In a business setting, this distinction is crucial. When you’re running your A/B test, you’re really deciding whether to switch from variation A to variation B, not whether you choose A or B from a blank slate. You therefore need to consider:

  • The implementation cost of switching to variation B (time, resources, budget)
  • Additional associated costs of variation B (vendor costs, licenses…)

As an example, let’s say you’re a B2B software vendor, and you ran an A/B test on your pricing page. Variation B included a chatbot, whereas version A didn’t. Variation B outperformed variation A, but to implement variation B, you’ll need 2 weeks of developer time to integrate your chatbot into your lead workflow, plus allocate X dollars of marketing budget to pay for the monthly chatbot license.

via GIPHY

You need to be sure the math adds up, and that it’s more cost-effective to switch to version B when these costs are weighed against the size of the test gain. A Bayesian A/B testing approach will let you do that.

Let’s take a look at an example from the AB Tasty reporting dashboard.

In this fictional test, we’re measuring three variations against an original, with ‘CTA clicks’ as our KPI.

AB Tasty reporting

We can see that variation 2 looks like the clear winner, with a conversion rate of 34.5%, compared to the original of 25%. But by looking to the right, we also get the confidence interval of this gain. In other words, a best and worst-case scenario.

The median gain for version 2 is 36.4%, with the lowest possible gain being +2.25% and the highest being 48.40%

These are the lowest and the highest gain markers you can achieve in 95% of cases.

If we break it down even further:

  • There’s a 50% chance of the gain percentage lying above 36.4% (the median)
  • There’s a 50% chance of it lying below 36.4%.
  • In 95% of cases, the gain will lie between +2.25% and +48.40%.
  • There remains a 2.5% chance of the gain lying below 2.25% (our famous false positive) and a 2.5% chance of it lying above 48.40%.

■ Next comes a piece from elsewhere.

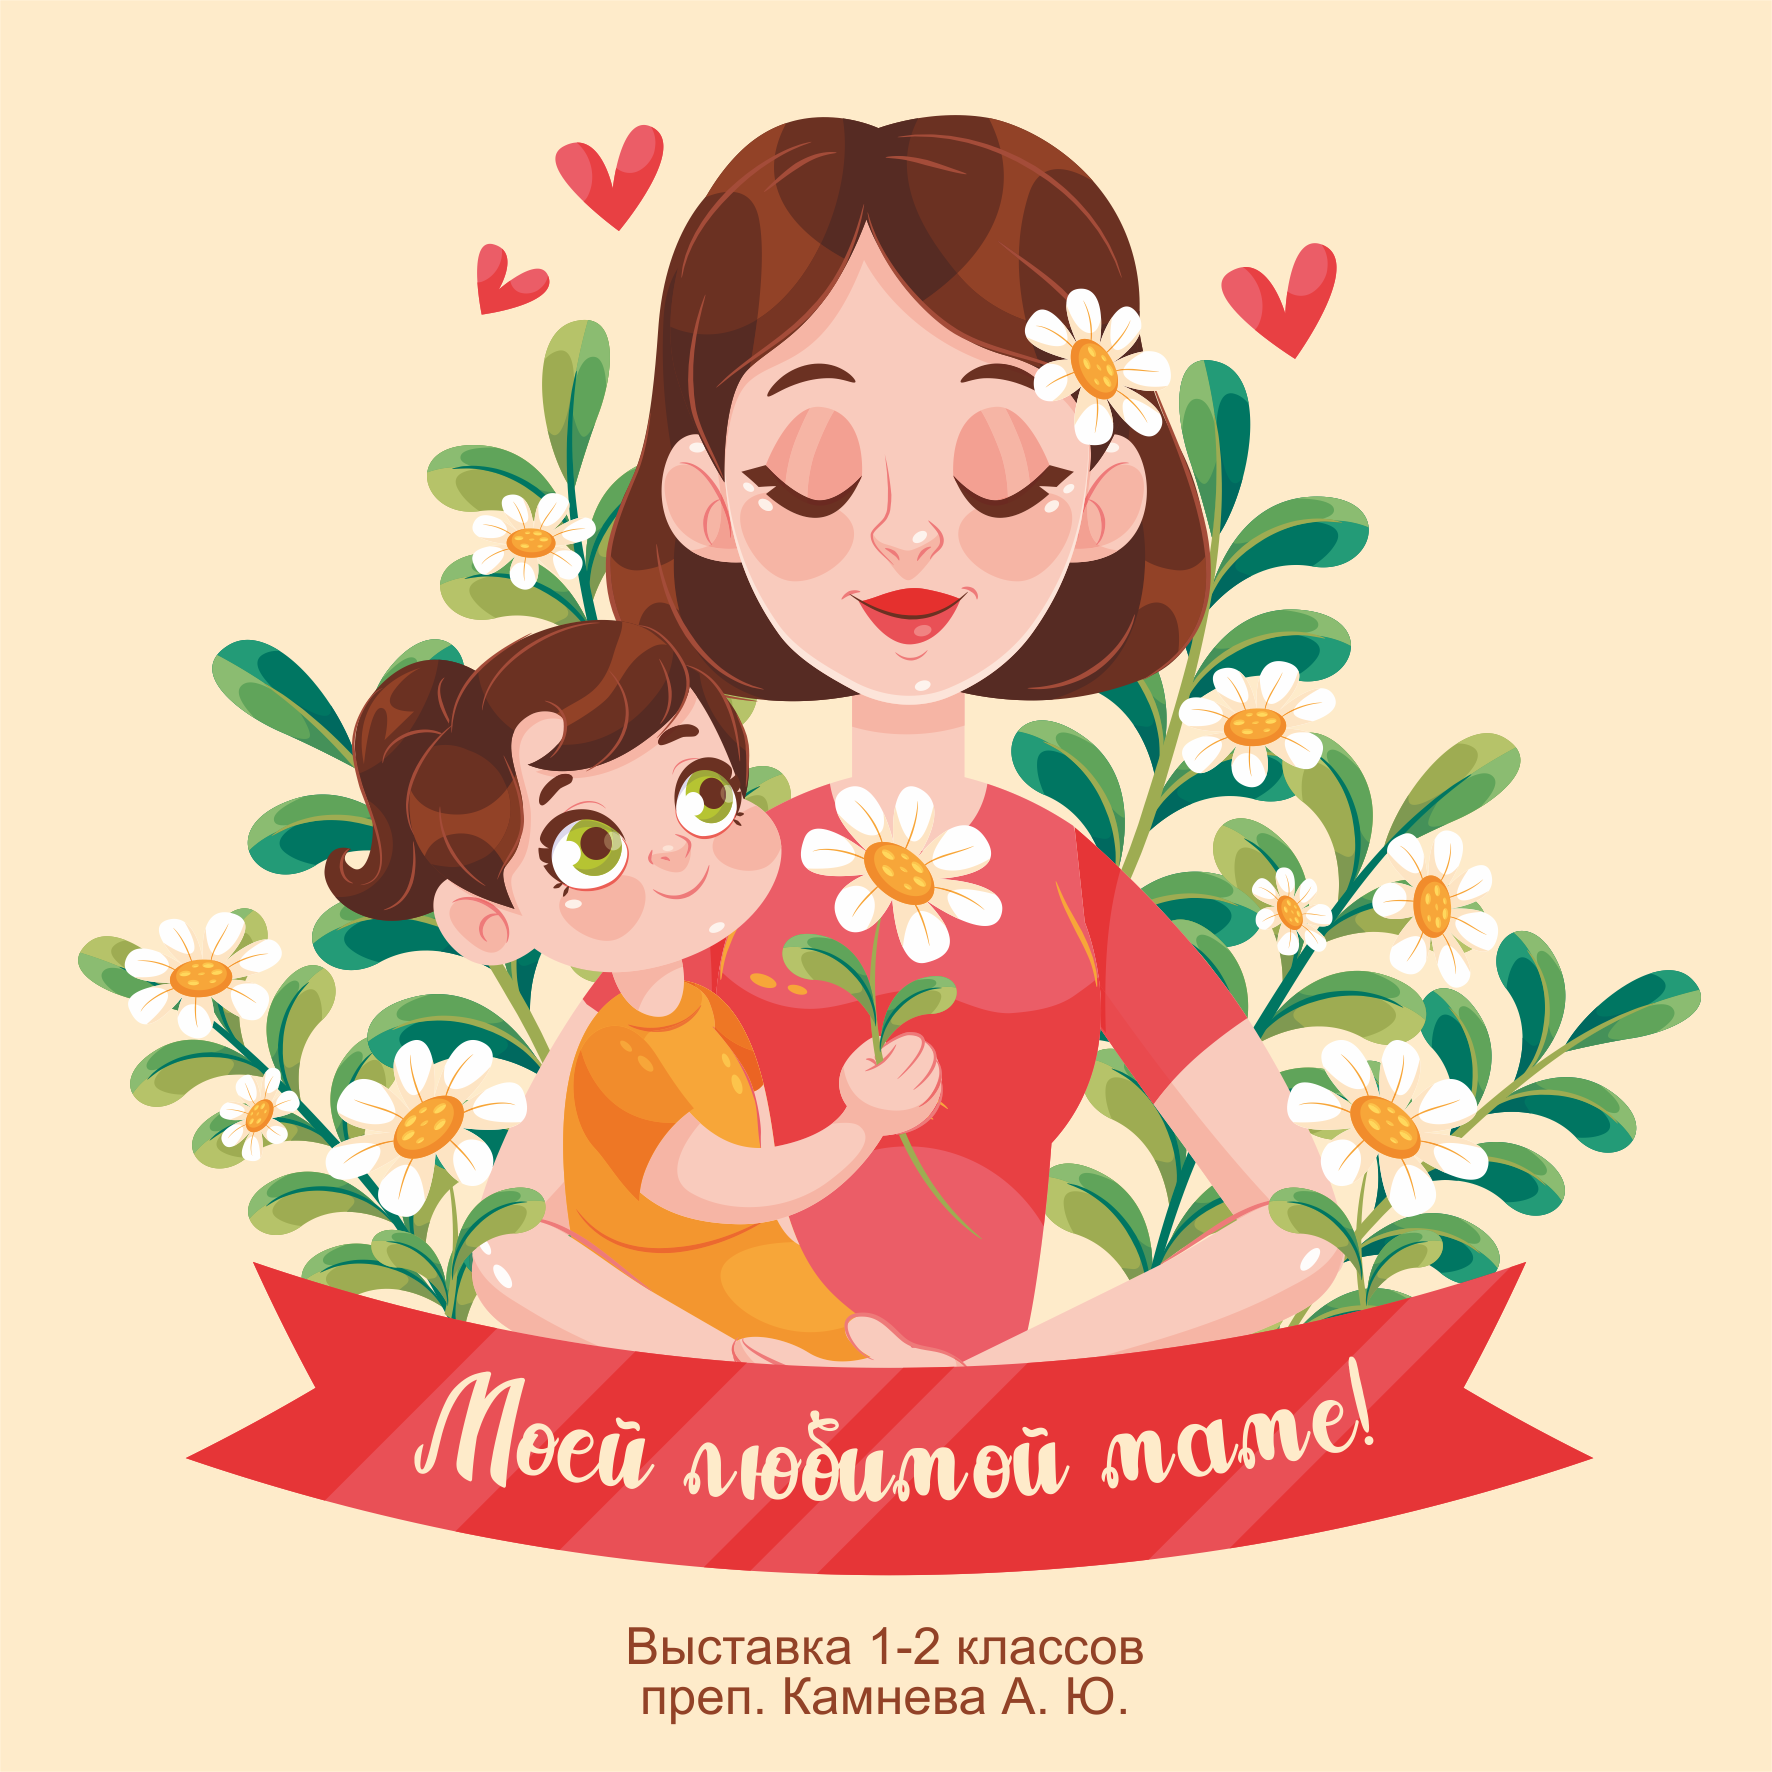 Праздник мама и цветы. День матери. Рисунок ко Дню матери. Открытки с днём матери. Рисунок маме на день матери.

This level of granularity can help you decide whether to roll out a winning test variation across your site.

Are both the lowest and highest ends of your gain markers positive? Great!

Is the interval small, i.e. you’re quite sure of this high positive gain? It’s probably the right decision to implement the winning version.

Is your interval wide but implementation costs are low? No harm in going ahead there, too.

However, if your interval is large and the cost of implementation is significant, it’s probably best to wait until you have more data to shrink that interval. At AB Tasty we generally recommend that you:

  • Wait until you have recorded at least 5,000 unique visitors per variation
  • Let the test run for at least 14 days (two business cycles)
  • Wait until you have reached 300 conversions on the main goal.

Data peeking

Another advantage of Bayesian statistics is that it’s ok for you to ‘peek’ at your data’s results during a test (but be sure not to overdo it…).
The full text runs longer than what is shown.